Senate Democratic leaders unveiled their version of a health system reform bill Nov. 18, and the full Senate will begin debating the measure when lawmakers return from their Thanksgiving break. The bill would extend coverage to an estimated 94% of Americans at a projected cost of $848 billion over 10 years. It also would cut the deficit by an estimated $127 billion in its first decade. It includes proposals for:

  • State health insurance exchanges by 2014 that residents could use to obtain coverage.

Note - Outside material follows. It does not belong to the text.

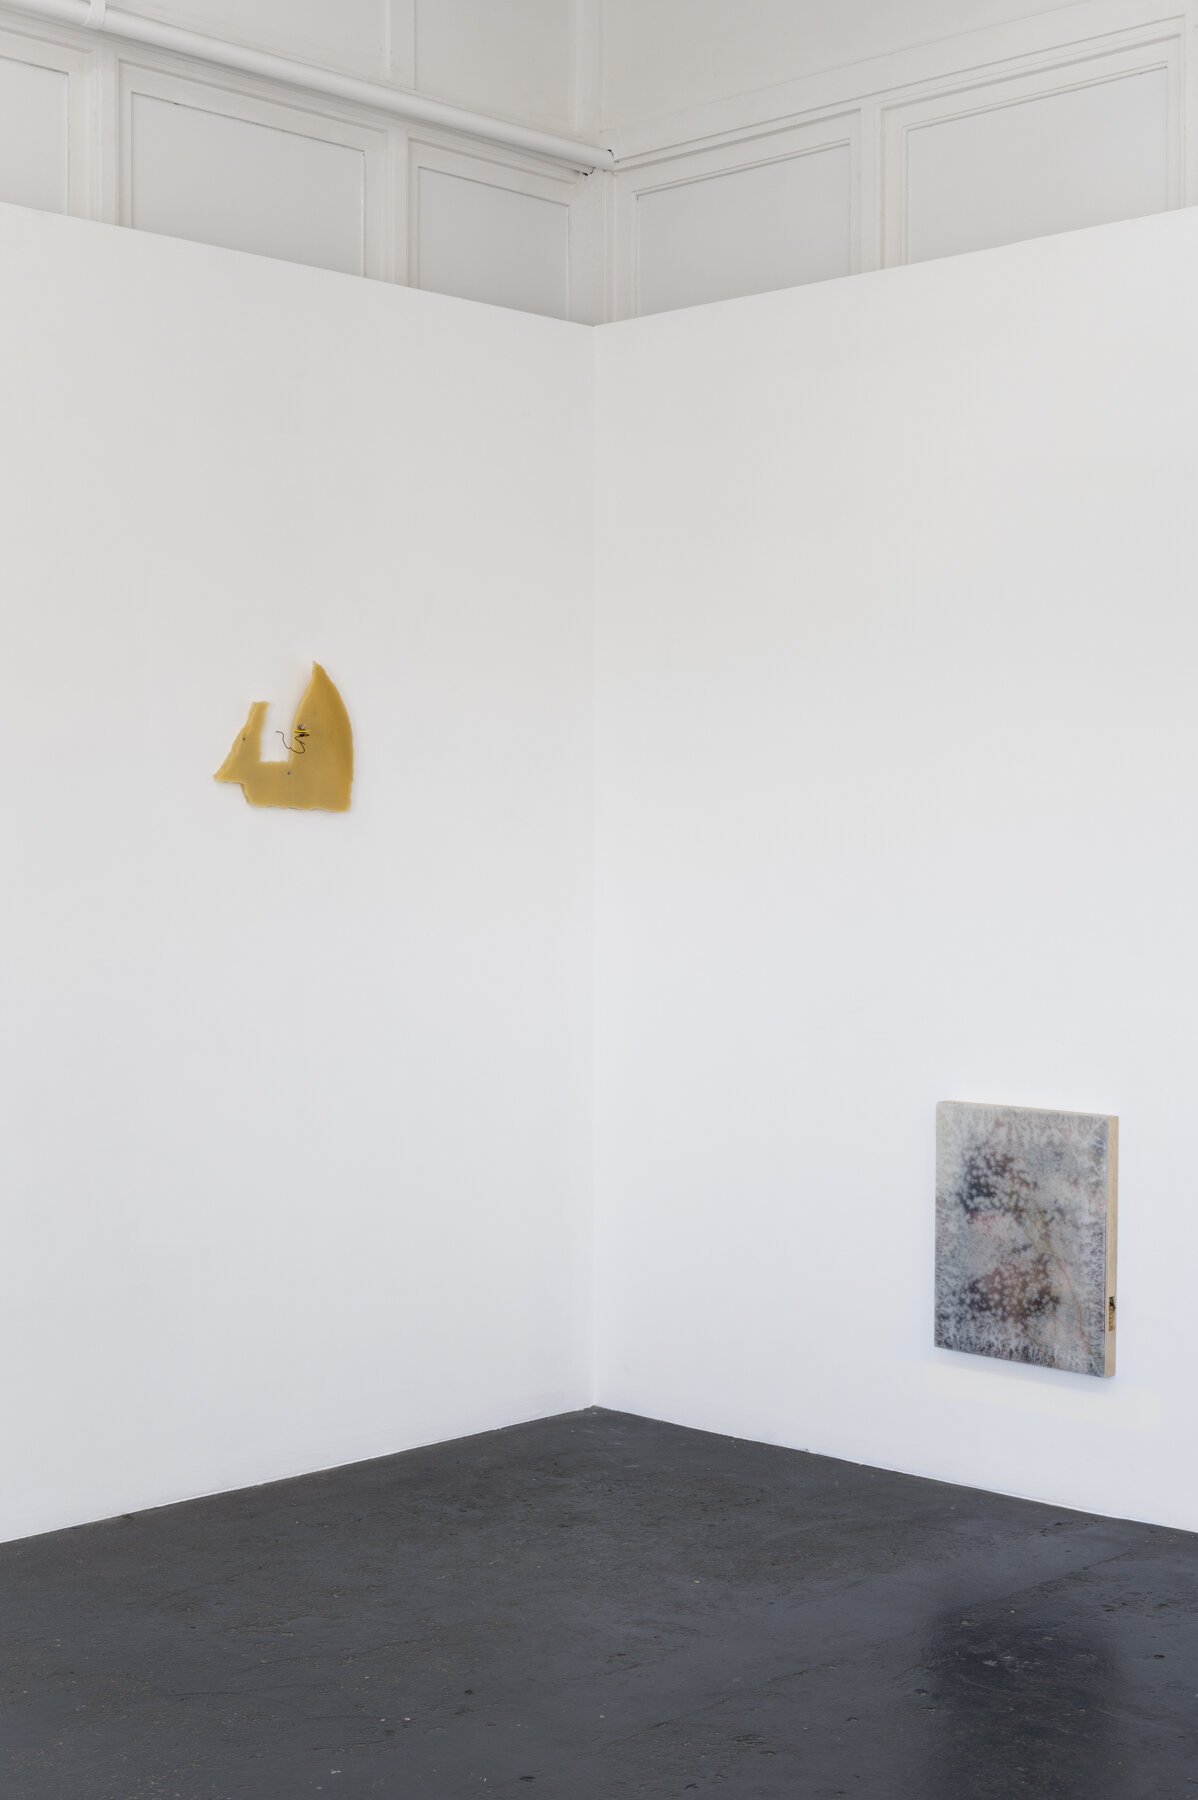   Installation view   Pictured (from left to right): Madeleine Minack, Kaijern Koo.  Image courtesy of Aaron Christopher Rees.

  • A public health insurance option that allows individual states to opt out of participation.
  • A requirement that most individuals obtain coverage by 2014 or pay a penalty.
  • Affordability credits for those earning up to 400% of the poverty level.
  • Medicaid eligibility expansion to 133% of the poverty level.
  • New health insurance coverage and market reforms.
  • Replacement of the 21.2% Medicare physician fee cut in 2010 with a 0.5% increase.
  • A 40% excise tax on "Cadillac" health plans, as well as additional fees on health plans, hospitals, and drug- and device-makers.
  • Higher Medicare payroll taxes for higher-income workers.
  • A 5% excise tax on voluntary cosmetic surgical and medical procedures.
  • A Medicare ban on new physician-owned hospitals.
  • An extension through 2014 of the Medicare Physician Quality Reporting Initiative.
  • A new federal Center for Medicare and Medicaid Innovation to test alternative payment and delivery models.
  • A national, voluntary Medicare payment bundling pilot program.